Program in Neuroscience & Mental Health, Hospital for Sick Children, Toronto, ON, Canada.
Department of Physiology, University of Toronto, Toronto, ON, Canada.
Pain. 2018 Sep;159(9):1752-1763. doi: 10.1097/j.pain.0000000000001265.
Microglia-neuron signalling in the spinal cord is a key mediator of mechanical allodynia caused by peripheral nerve injury. We recently reported sex differences in microglia in pain signalling in mice: spinal mechanisms underlying nerve injury-induced allodynia are microglial dependent in male but not female mice. Whether this sex difference in pain hypersensitivity mechanisms is conserved in other species is unknown. Here, we show that in rats, the spinal mechanisms of nerve injury-induced hypersensitivity in males differ from those in females, with microglial P2X4 receptors (P2X4Rs) being a key point of divergence. In rats, nerve injury produced comparable allodynia and reactive microgliosis in both sexes. However, inhibiting microglia in the spinal cord reversed allodynia in male rats but not female rats. In addition, pharmacological blockade of P2X4Rs, by an intrathecally administered antagonist, attenuated pain hypersensitivity in male rats only. Consistent with the behavioural findings, nerve injury increased cell surface expression and function of P2X4Rs in acutely isolated spinal microglia from male rats but not from female rats. Moreover, in microglia cultured from male rats, but not in those from female rats, stimulating P2X4Rs drove intracellular signalling through p38 mitogen-activated protein kinase. Furthermore, chromatin immunoprecipitation-qPCR revealed that the transcription factor IRF5 differentially binds to the P2rx4 promoter region in female rats vs male rats. Finally, mechanical allodynia was produced in otherwise naive rats by intrathecally administering P2X4R-stimulated microglia from male rats but not those from female rats. Together, our findings demonstrate the existence of sexually dimorphic pain signalling in rats, suggesting that this sex difference is evolutionarily conserved, at least across rodent species.

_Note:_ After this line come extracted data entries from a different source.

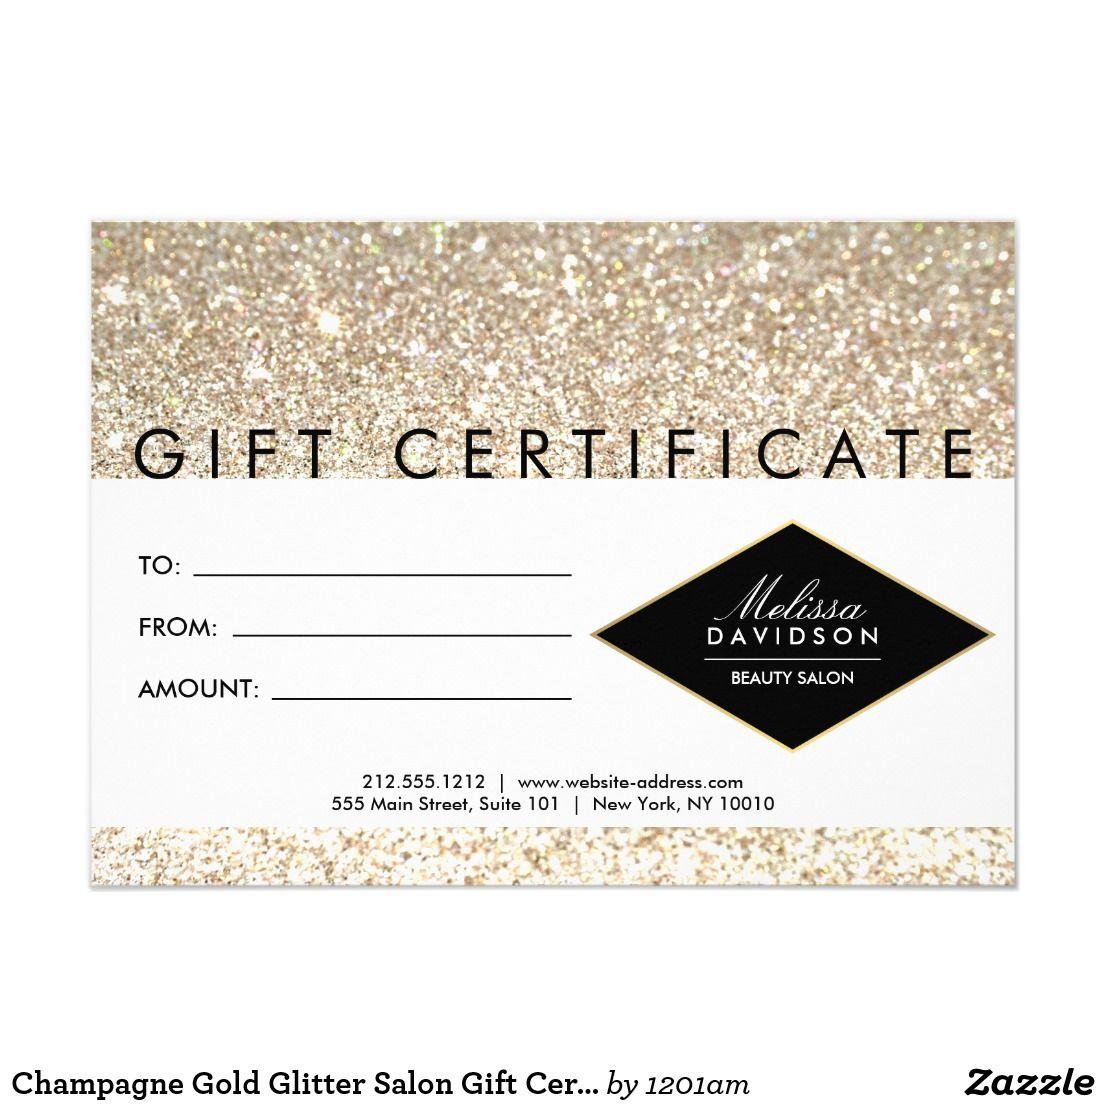 Champagne Gold Glitter Salon Gift Certificate  Zazzle.ca  Salon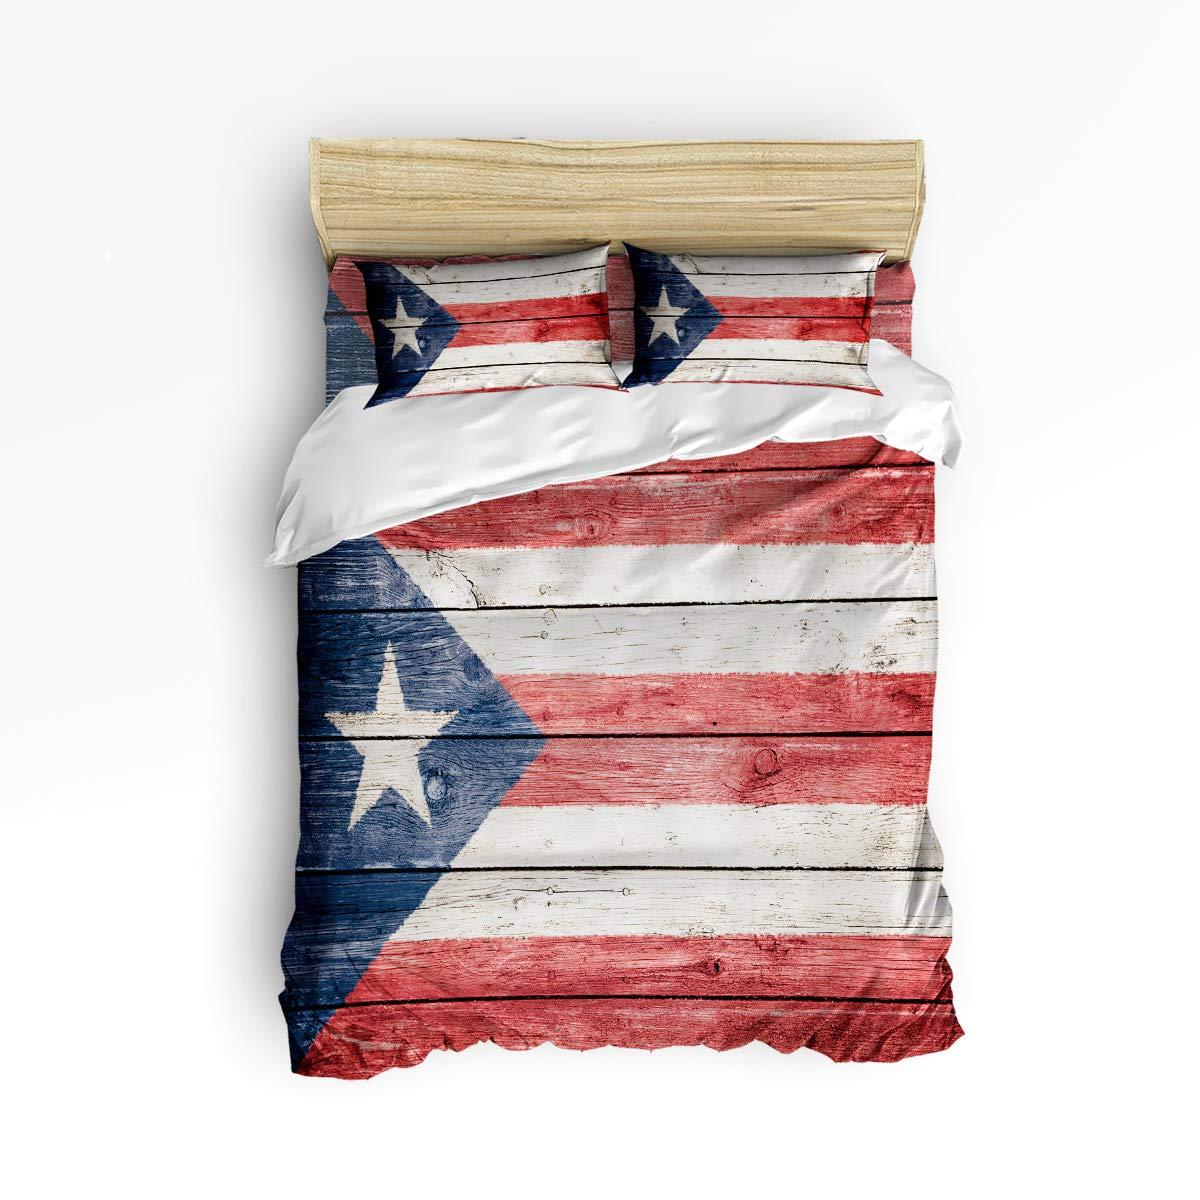 YEHO アートギャラリー布団カバーセット ソフトベッドシーツセット 子供用 プエルトリコアメリカ国旗寝具セット ホームデコレーション 4ピース フラットシーツ1枚 掛け布団カバー1枚 枕カバー2枚 クイーン 20181214YAGWHLSJTSSSLEX00836SJTCYAG B07LCRLBNH Flag10xyag8135 クイーン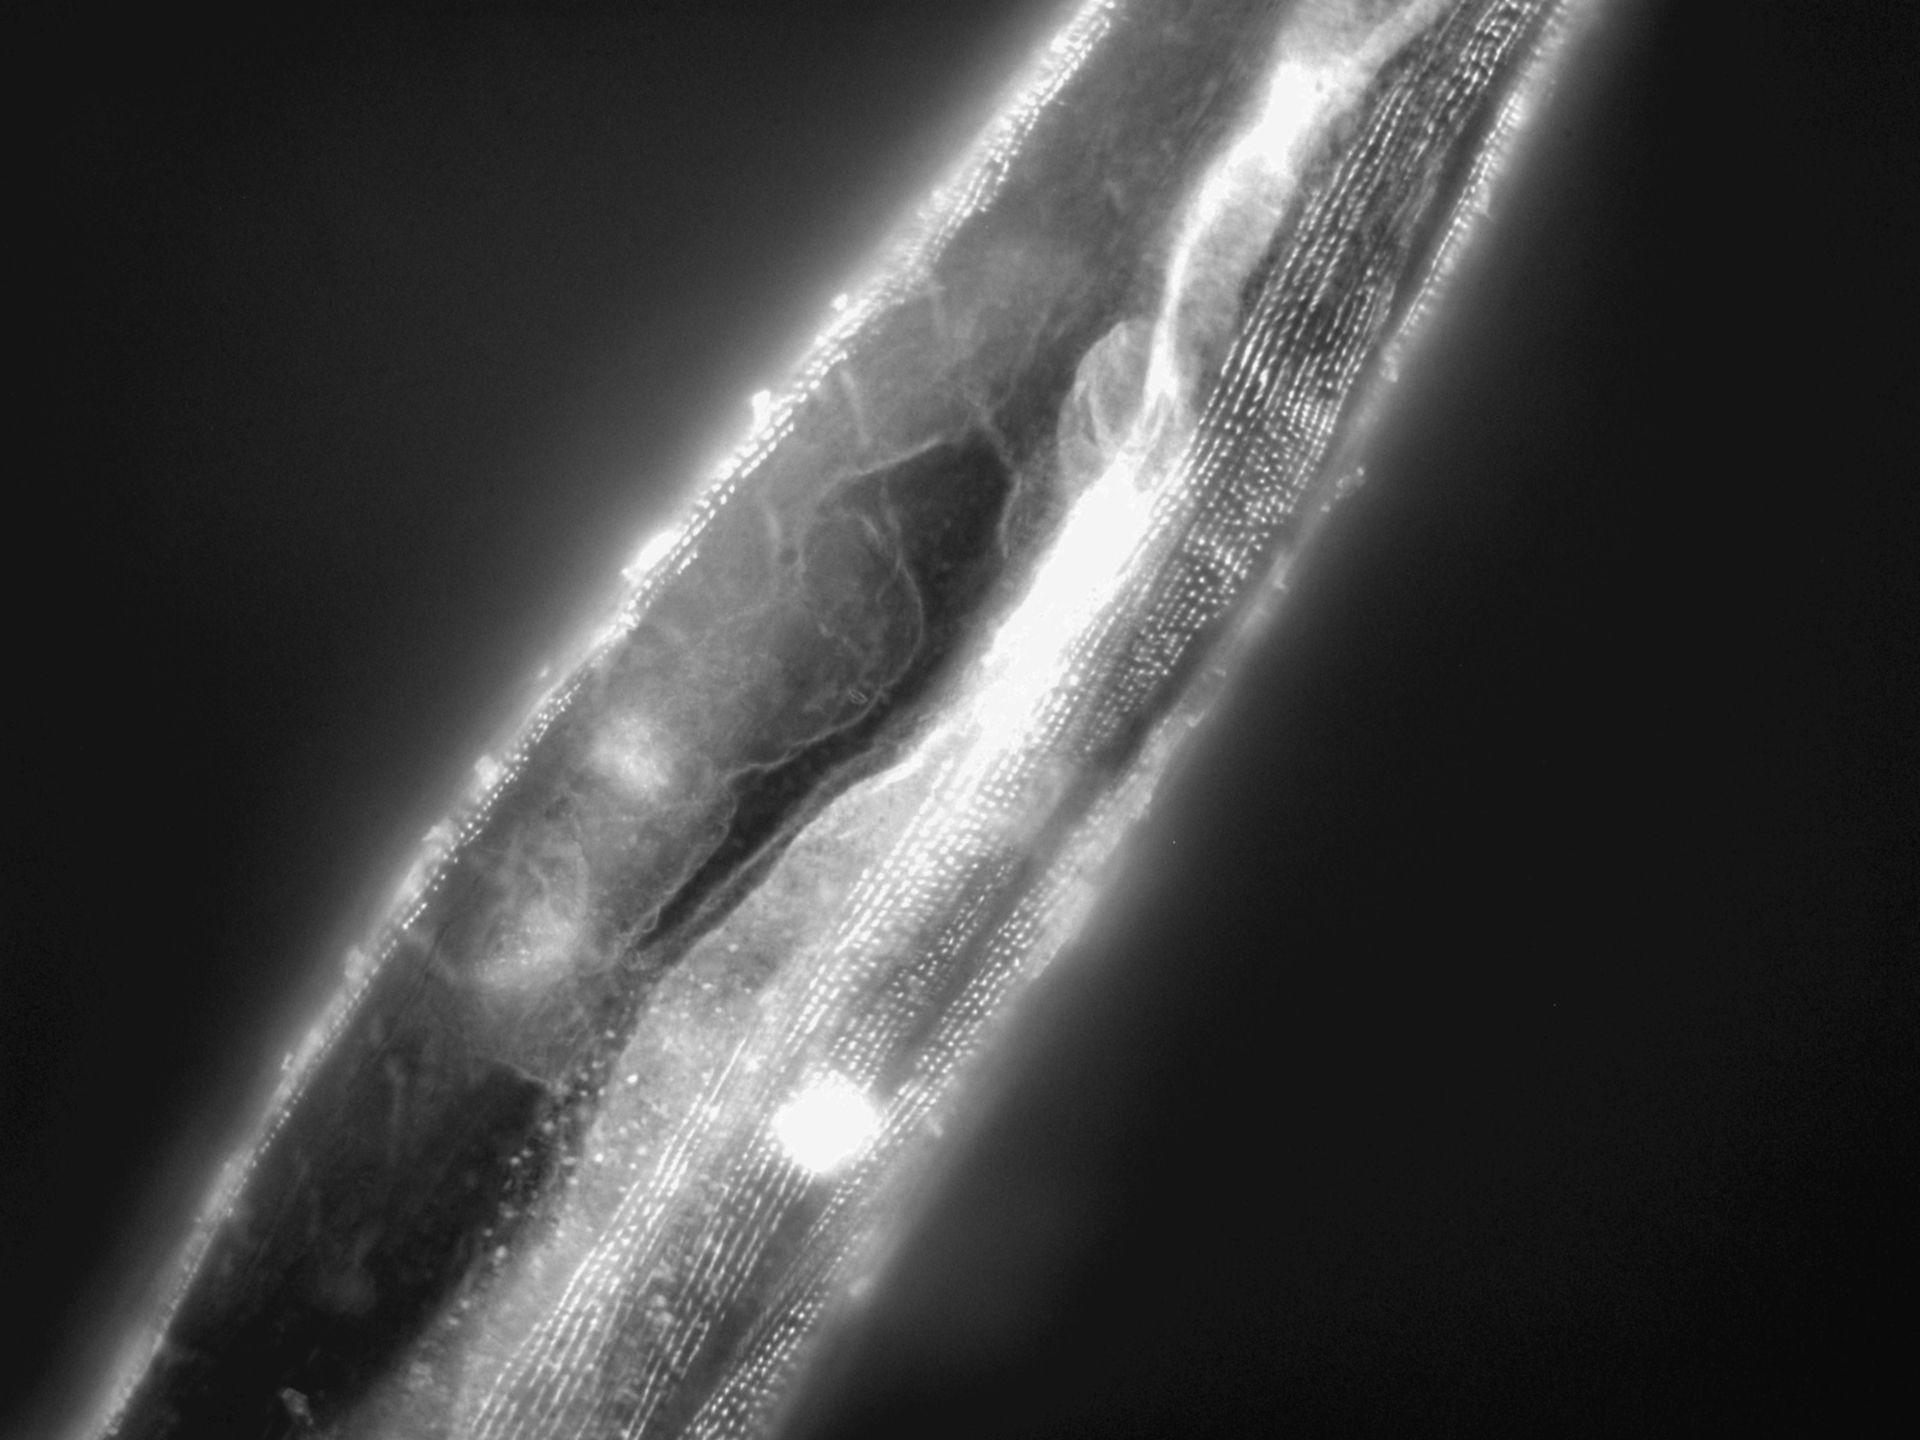 Caenorhabditis elegans (Actin filament) - CIL:1150

脊髓中的小胶质细胞-神经元信号转导是外周神经损伤引起机械性痛觉过敏的关键介质。我们最近报道了小鼠疼痛信号中小胶质细胞存在性别差异:在雄性小鼠中,脊髓机制是神经损伤诱导的痛觉过敏的基础,而在雌性小鼠中则不是。这种疼痛敏化机制的性别差异是否在其他物种中保守尚不清楚。在这里,我们发现在大鼠中,雄性和雌性神经损伤诱导的敏感性的脊髓机制不同,其中小胶质细胞 P2X4 受体(P2X4R)是一个关键的分歧点。在大鼠中,神经损伤在两性中均产生类似的痛觉过敏和反应性小胶质细胞增生。然而,在脊髓中抑制小胶质细胞可逆转雄性大鼠的痛觉过敏,但不能逆转雌性大鼠的痛觉过敏。此外,通过鞘内给予拮抗剂抑制 P2X4R 可减轻雄性大鼠的痛觉过敏,但不能减轻雌性大鼠的痛觉过敏。与行为学发现一致,神经损伤增加了急性分离的雄性大鼠脊髓小胶质细胞表面表达和功能,但不增加雌性大鼠脊髓小胶质细胞表面表达和功能。此外,在雄性大鼠培养的小胶质细胞中,但不在雌性大鼠培养的小胶质细胞中,刺激 P2X4R 通过 p38 丝裂原活化蛋白激酶驱动细胞内信号转导。此外,染色质免疫沉淀-qPCR 显示转录因子 IRF5 在雌性大鼠与雄性大鼠的 P2rx4 启动子区域中存在差异结合。最后,通过鞘内给予雄性大鼠小胶质细胞刺激的 P2X4R 来产生机械性痛觉过敏,而不是给予雌性大鼠小胶质细胞刺激的 P2X4R 来产生机械性痛觉过敏。总之,我们的研究结果表明大鼠存在性别二态性疼痛信号转导,这表明这种性别差异至少在啮齿动物中是进化保守的。